The scene is New York City, 1939. From the moment you see a zeppelin dock at the Empire State Building and soon afterwards an air raid siren sounds as the skies fill with squadrons of flying robots (inspired by a 1941 Superman cartoon), you hop onboard and hang on. You position yourself mentally on the ground with reporter Polly Perkins (Paltrow) as she tries to photograph these gigantic robots stomping through the city, blasting things with their lasers and crushing everything in their path like gigantic, metallic King Kongs. And when an airwaves message goes out to Sky Captain, you can't help but smile. In the tradition of comic books and serials, only one person can stop such an attack, and in this film it's an ex-Flying Tiger named Joe Sullivan (Jude Law), aka Sky Captain.

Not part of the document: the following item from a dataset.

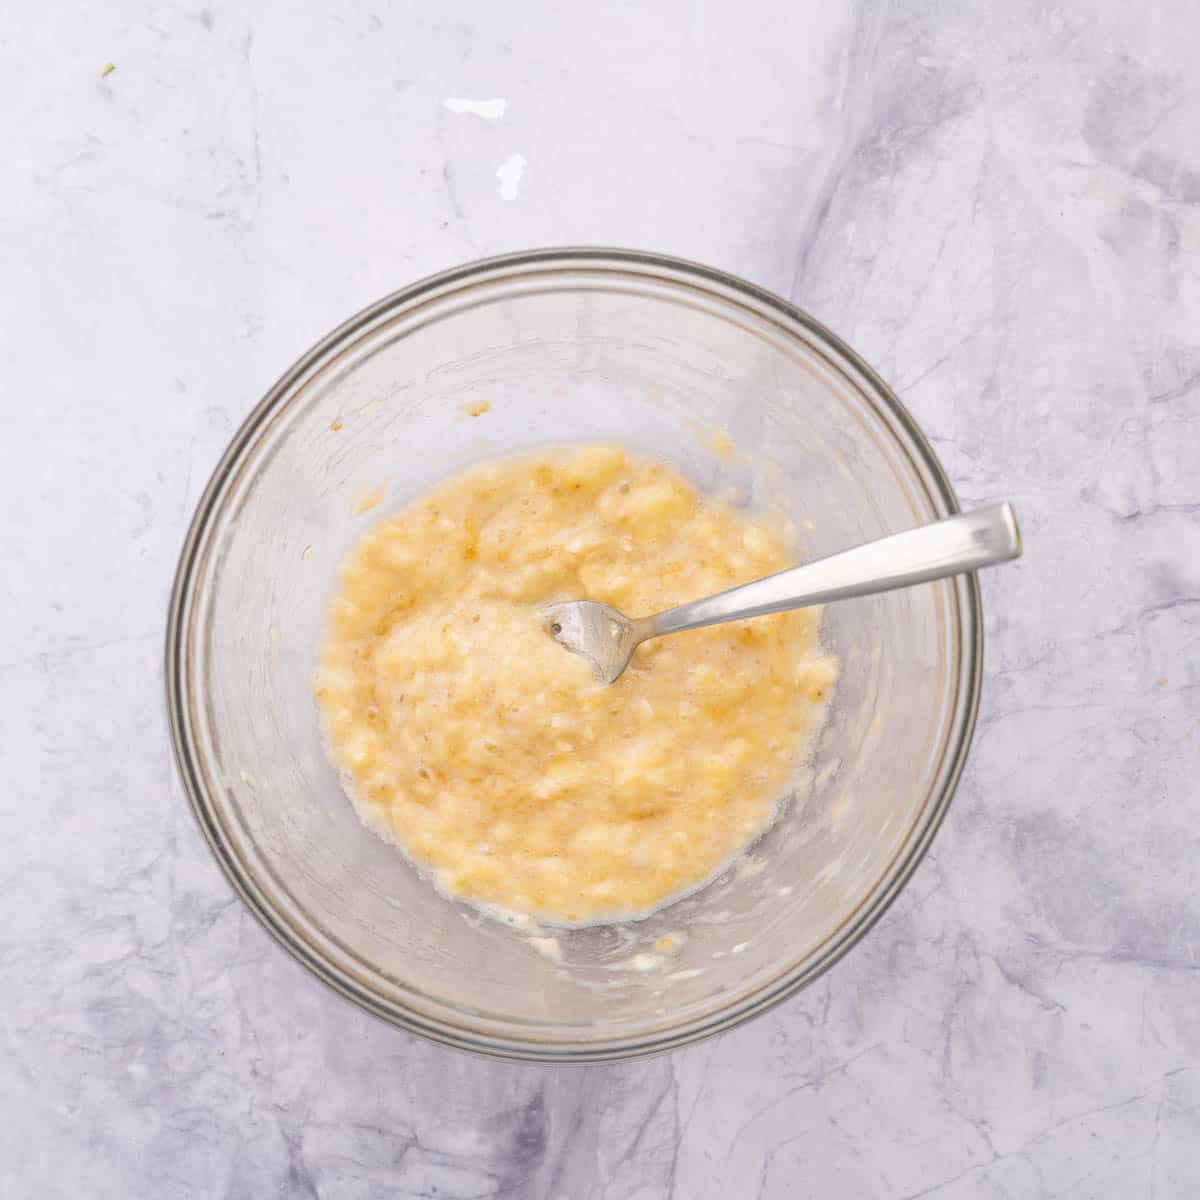 a mixing bowl of mashed banana with a fork

It's not clear how he ended up keeping his Curtis P-40 Warhawk with its distinctive tiger shark jaws painted on the nose, but Sky Captain zooms to the rescue and stops the attack using gadgets that were developed for him by a brainiac named Dex (Giovanni Ribisi).

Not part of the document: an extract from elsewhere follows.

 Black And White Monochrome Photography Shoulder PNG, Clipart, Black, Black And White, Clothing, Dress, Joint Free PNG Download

Later in his office, sitting in shadows like a P.I. downing shots of Milk of Magnesia, he's startled by Perkins, who was waiting for him in the corner. He bends the desk lamp to shine on her, and she bends it right back on him. That kind of give-and-take is a part of the film. There's not much in the way of character development, so our ability to relate to and appreciate the characters is totally based on exchanges like this. Happily, there's good chemistry between Law and Paltrow and Ribisi, and the banter between them reveals plenty about their personalities. It turns out these two have a history, but then again Joe has a history with lots of people. She had been handed a slip of paper by a German scientist who was afraid that he would be next on the list to disappear. Six scientists were already missing, and when Sky Captain saw what was on that slip of paper--a diagram of one of the robots--he knew if he had a shot at tracking who was responsible for building and sending those robots to attack major cities around the world. More than that, it involves two vials that the scientist slipped Perkins, genetic engineering, and the demented idea that the world would be better off if it got a fresh start with two nearly perfect specimens of every creature.